Ya when do you feed it usually?? And what time would that be here in Hamilton Ont.?Cause that would be awsome to watch


----------



## Winkyee (Feb 17, 2003)

I feed him a few times a day , He eats when he wants.lol 
He ate one earlier but the cam isn't good enough to capture .I'm going to try another cam this weekend.


----------



## B4theAmazon (Apr 19, 2003)

Winkee, is it hit or miss w/ the cam being off, or do you have some appx. times, still havn't seen it yet, but the Rhom looks nice!


----------



## RhomZilla (Feb 12, 2003)

Much props winkyee, for PM'ing me and showing me the cam in your own time.
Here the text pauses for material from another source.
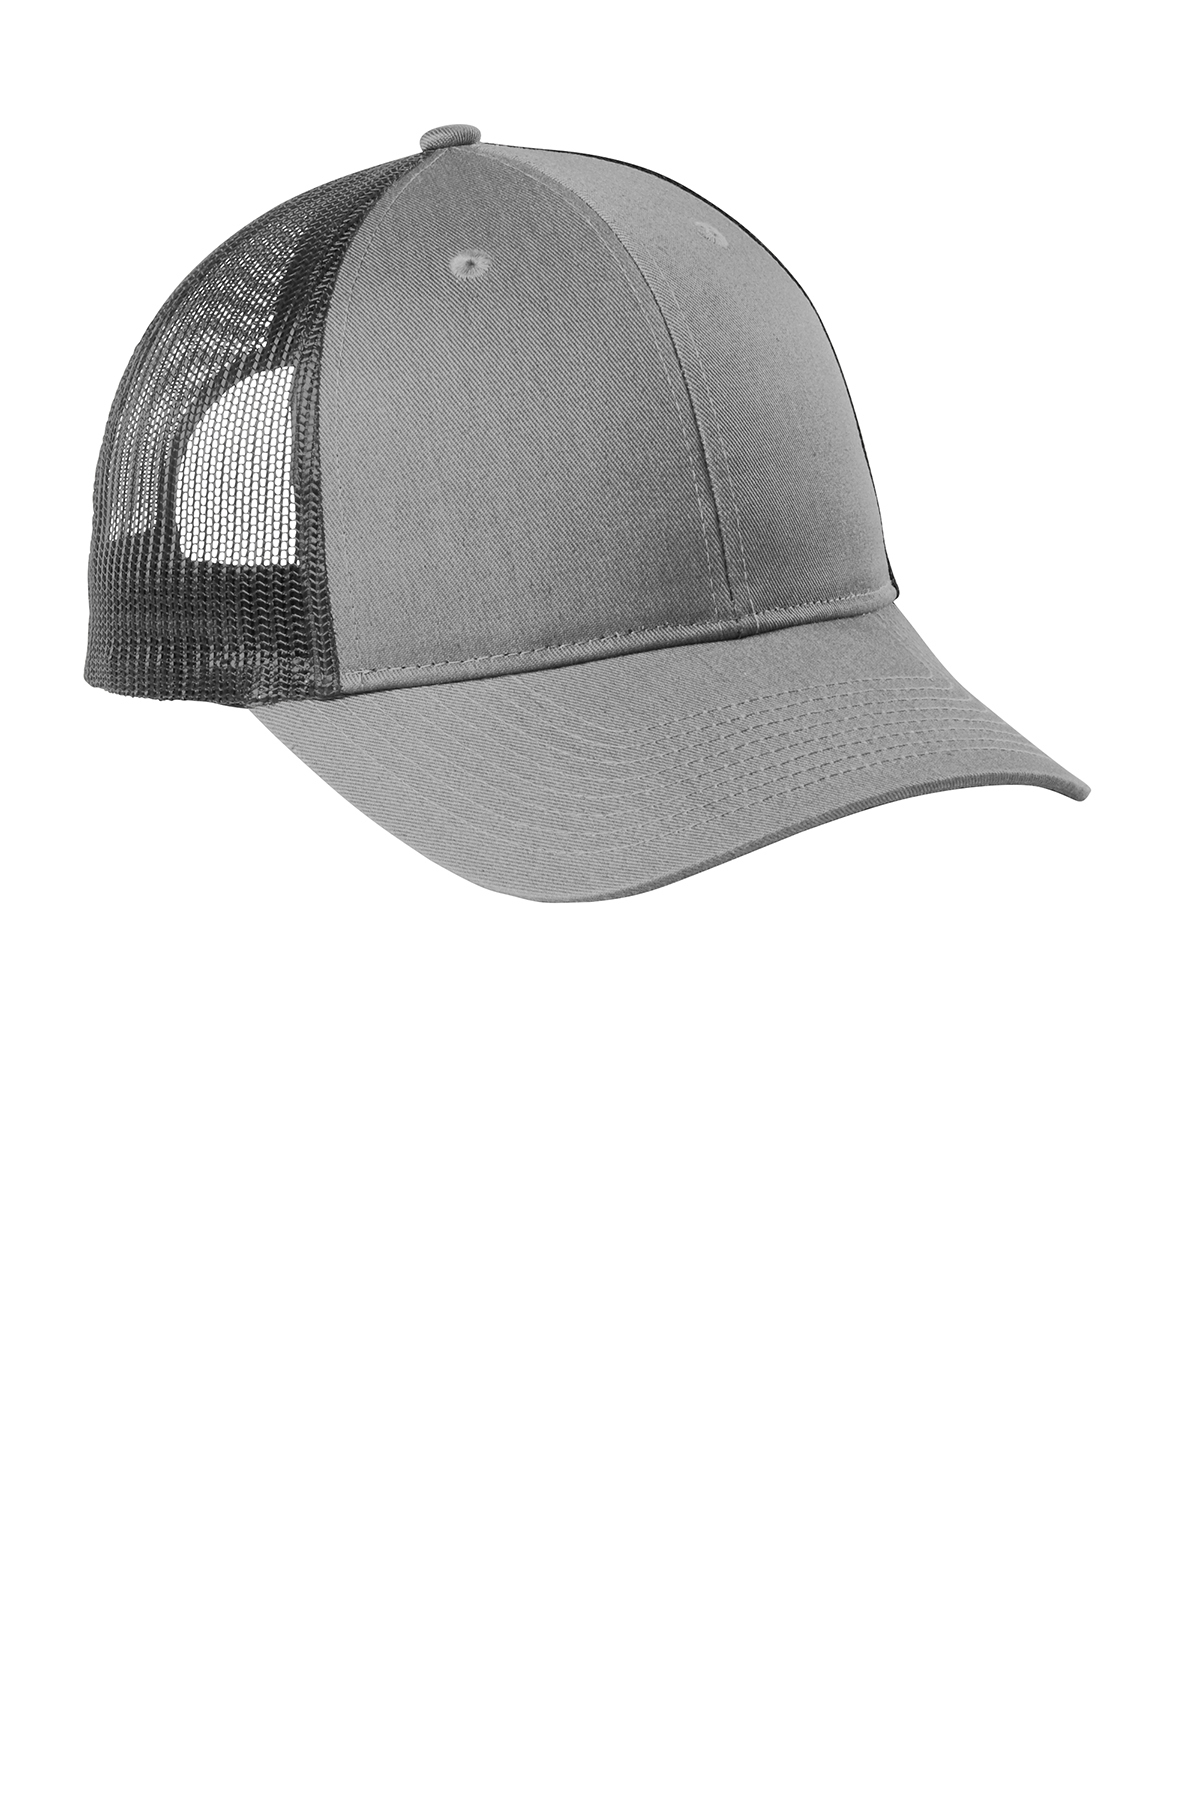 click to view Heather Grey/ Grey Steel

Yeah, the vid cam was pretty dope!! First member to actually do one!!


----------



## JAWZ (Apr 16, 2003)

i like it! but when you put the rhom in there it'll probly want a little plant life so it can hide.


----------



## Winkyee (Feb 17, 2003)

Thanks :smile:

I'll usually have the cam on from about 4 pm to 8 pm depending on the lighting while he's in this tank, I'm finishing a 45 for him now with better lighting that should be better.
Thanks

Pete (Winkyee)


----------



## baz (May 6, 2003)

nice one


----------



## Innes (Jan 13, 2003)

test


----------



## EMJAY (Feb 27, 2003)

bad link


----------



## RhomZilla (Feb 12, 2003)

If this is the same one Ive seen from the past, then







if not, then I missed out


----------